D’un signe du doigt, Théobald attira l’oreille du portier plus près de sa bouche :

— Entre nous, il vaut mieux que Son Excellence m’ait envoyé, moi ! confia-t-il à ladite oreille. Vous avez une curieuse façon de faire le ménage ici.

— Que voulez-vous dire ?

— Que vous devriez envoyer quelqu’un au 207. Ce qu’on y voit est surprenant…

Ayant dit, Théobald reprit ses bagages en toute dignité et se dirigea vers le boulevard de la Madeleine pour prendre un taxi, aucun de ceux qui stationnaient aux abords de l’hôtel ne lui inspirant confiance.

De retour rue Jouffroy il informa Aldo de l’état de sa chambre et lui remit le petit paquet :

— Une excellente cachette ! commenta-t-il. La chambre a été retournée de fond en comble sans que le bijou ait été découvert. Reste à savoir qui est venu fouiller. La police ?
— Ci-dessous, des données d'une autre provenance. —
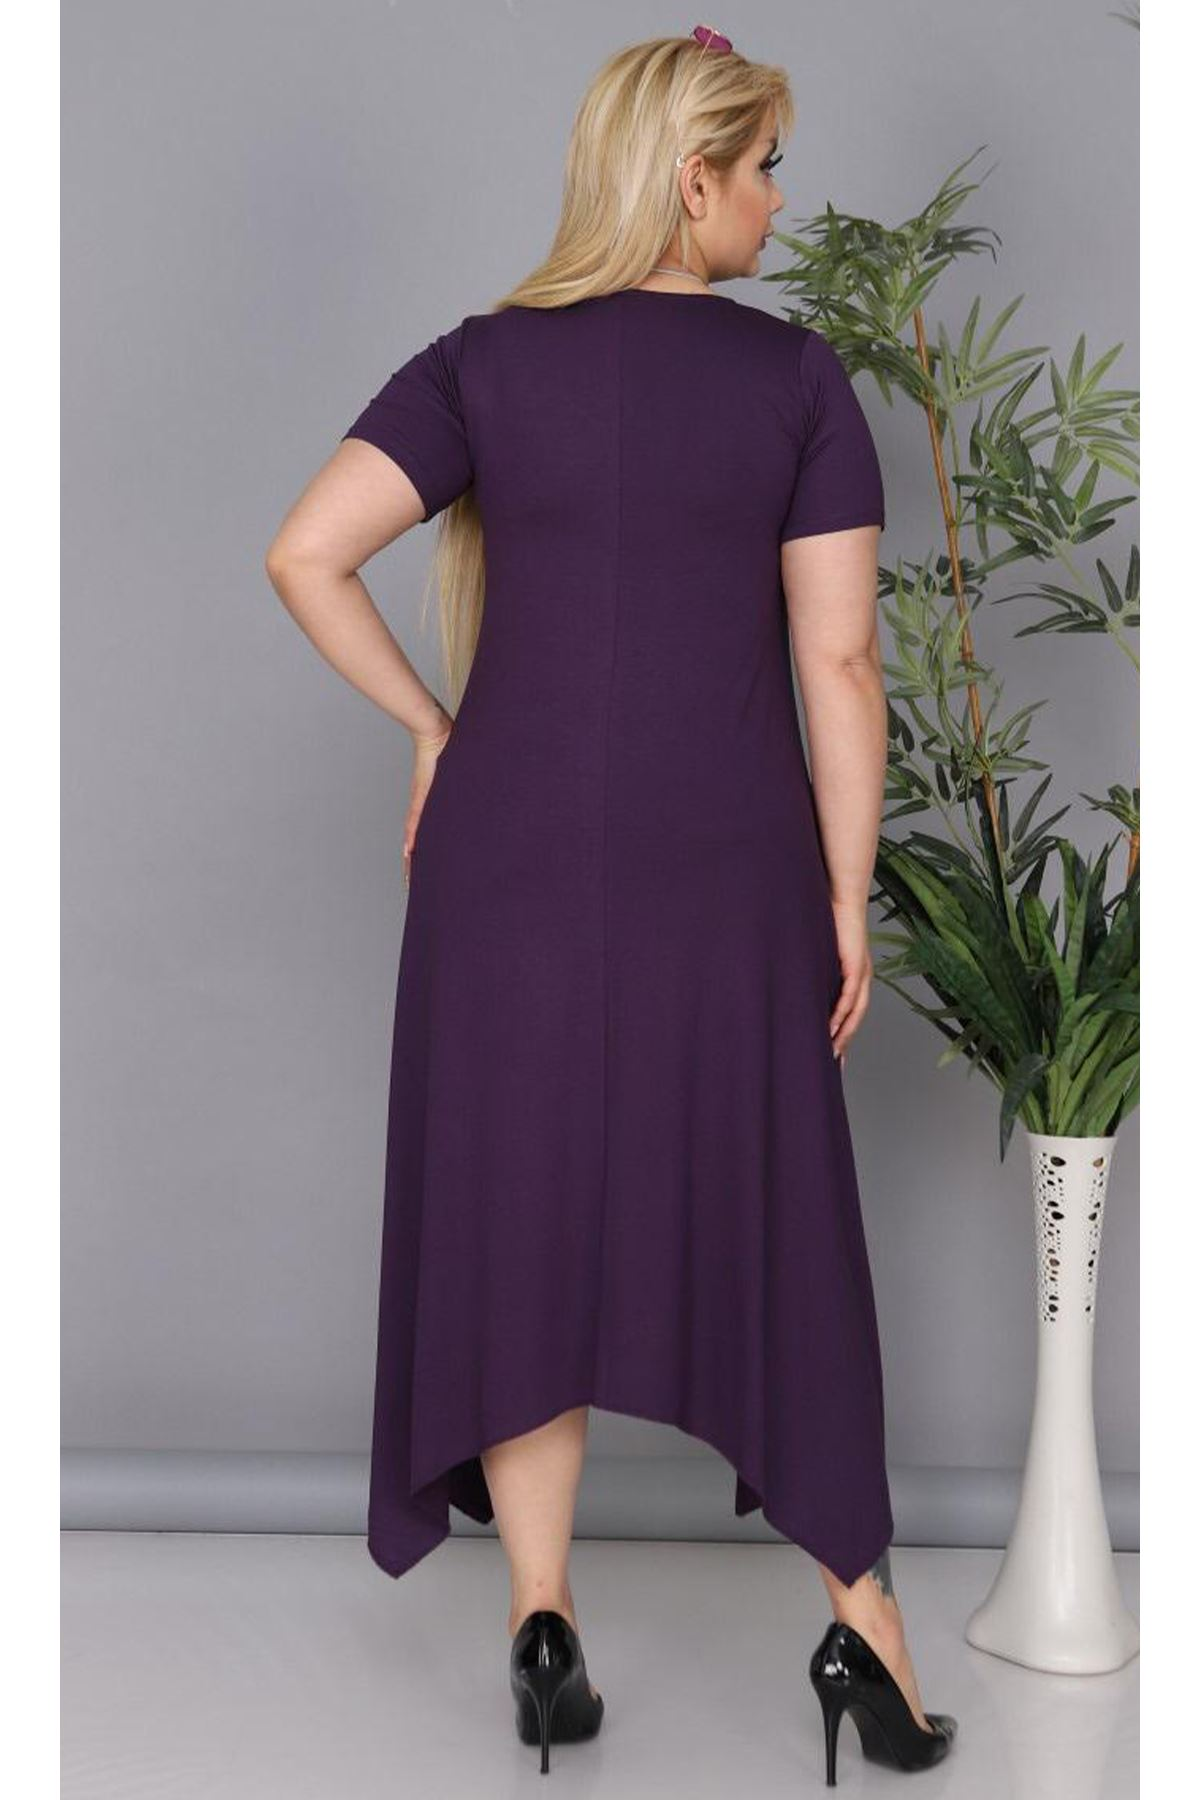 Kadın Mürdüm Büyük Beden Elbise Üçgen Etek

— Sûrement pas ! dit Morosini. Ou je ne m’y connais plus en hommes ou le commissaire Langlois n’est pas de ceux qui opèrent de la sorte. Son investigation, à lui, aurait été menée avec soin, en ma présence ou, tout au moins celle d’un préposé du Ritz, et en aucun cas avec cette hargne que mettent des truands qui ne trouvent pas ce qu’ils cherchent.

— Alors qui ? demanda Adalbert.

— Là est la question. Les ravisseurs n’ont aucun moyen de savoir que je suis mêlé à cette histoire sauf si l’un d’entre eux était rue Ravignan au moment où nous avons ramené le petit Le Bret et répondu aux questions de l’inspecteur.
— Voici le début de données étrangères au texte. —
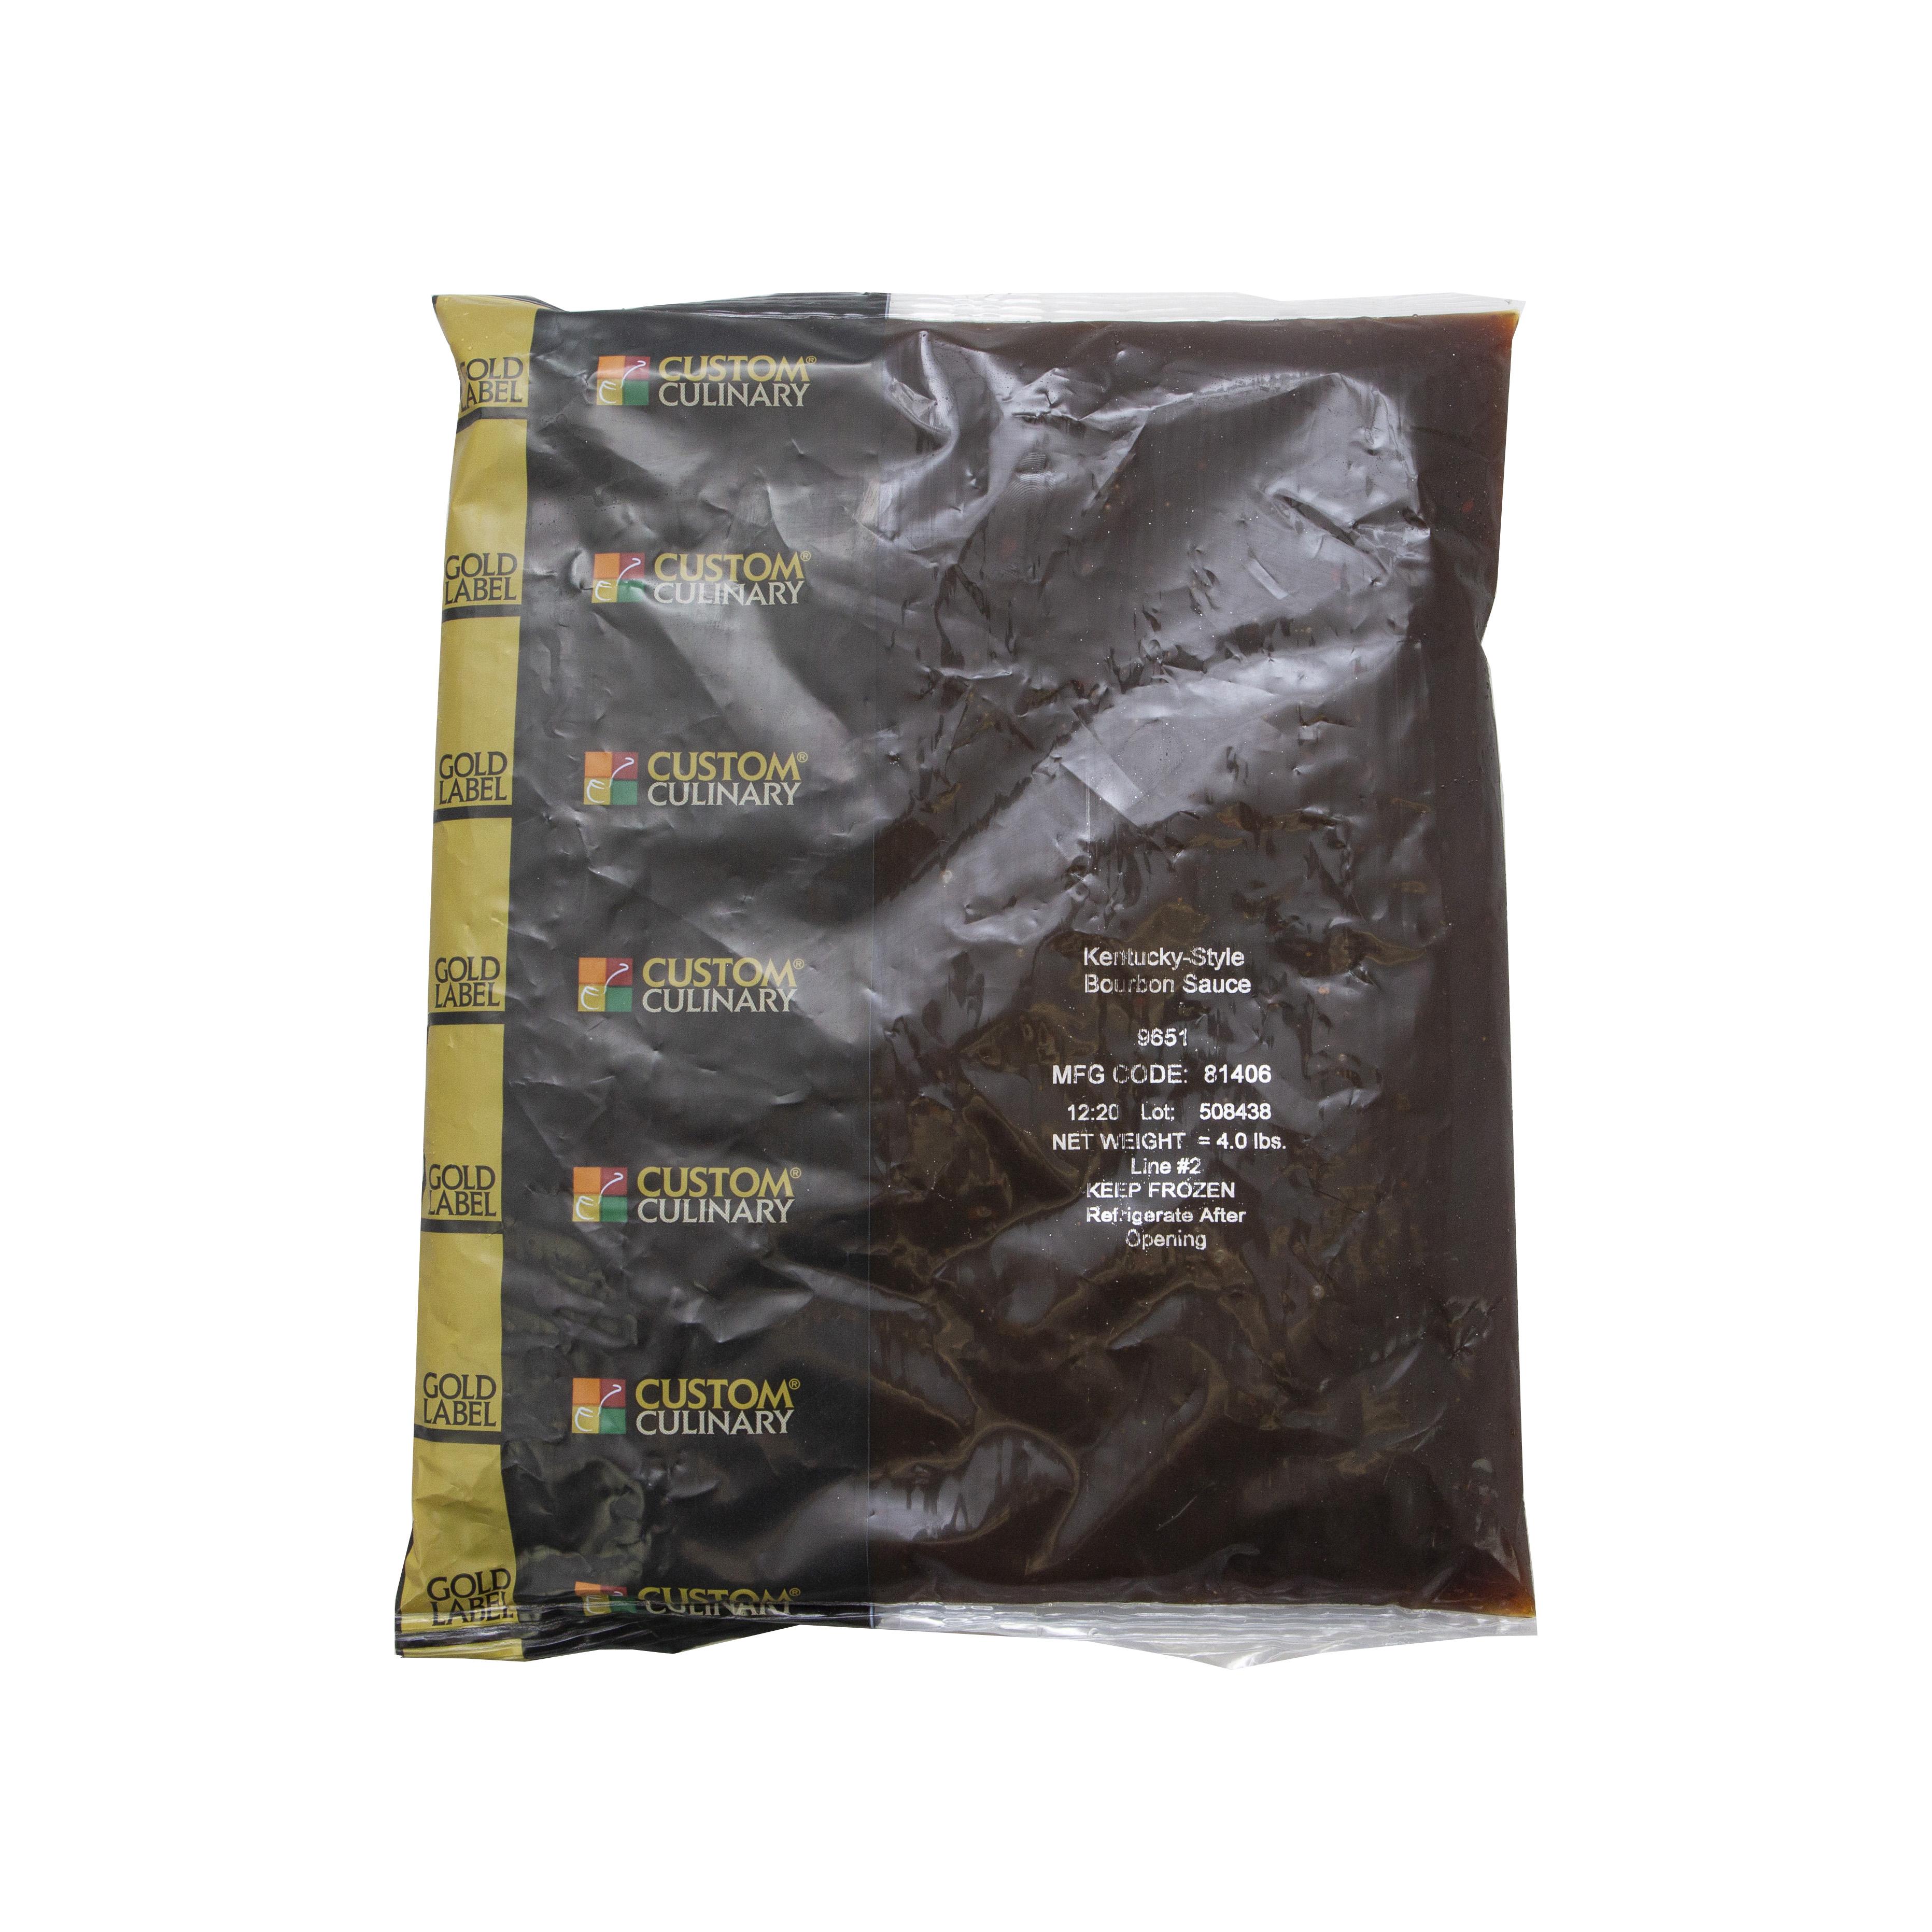 9651 - Gold Label Bourbon Sauce

— C’est déjà ça ! Mais ce qui est plus grave c’est qu’ils te soupçonnent d’avoir pris le contenu de la cheminée. Qu’as-tu écrit dans la lettre que Théobald a remise aux gens du Ritz ?

— Que je passais vingt-quatre heures chez un ami avant de partir pour Londres. En admettant qu’on leur permette de la lire, c’est là qu’ils me chercheront…
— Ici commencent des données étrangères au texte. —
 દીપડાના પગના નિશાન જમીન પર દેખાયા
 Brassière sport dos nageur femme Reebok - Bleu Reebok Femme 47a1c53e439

— Tu n’oublies qu’une chose, c’est que Langlois t’a prié, courtoisement et à mots couverts, de ne pas quitter la France, ni même Paris. Ne le prends pas pour un imbécile, Aldo ! C’est un type très bien…

— Il en a l’air mais un bon tailleur ne fait pas forcément un aigle. Cependant j’admets que tu as raison. Aussi vais-je l’avertir que je suis chez toi en priant d’opter pour la discrétion s’il veut venir me parler ou me donner un rendez-vous… Et à propos de parler, il faut que je voie le prince Youssoupoff. C’est son adresse que j’allais chercher à La Maisonnette russe.

— Qu’est-ce que tu lui veux ?

— Tout simplement lui rendre ça !

Aldo prit entre ses doigts le ravissant joyau qu’il venait de déballer et de poser entre eux sur la table.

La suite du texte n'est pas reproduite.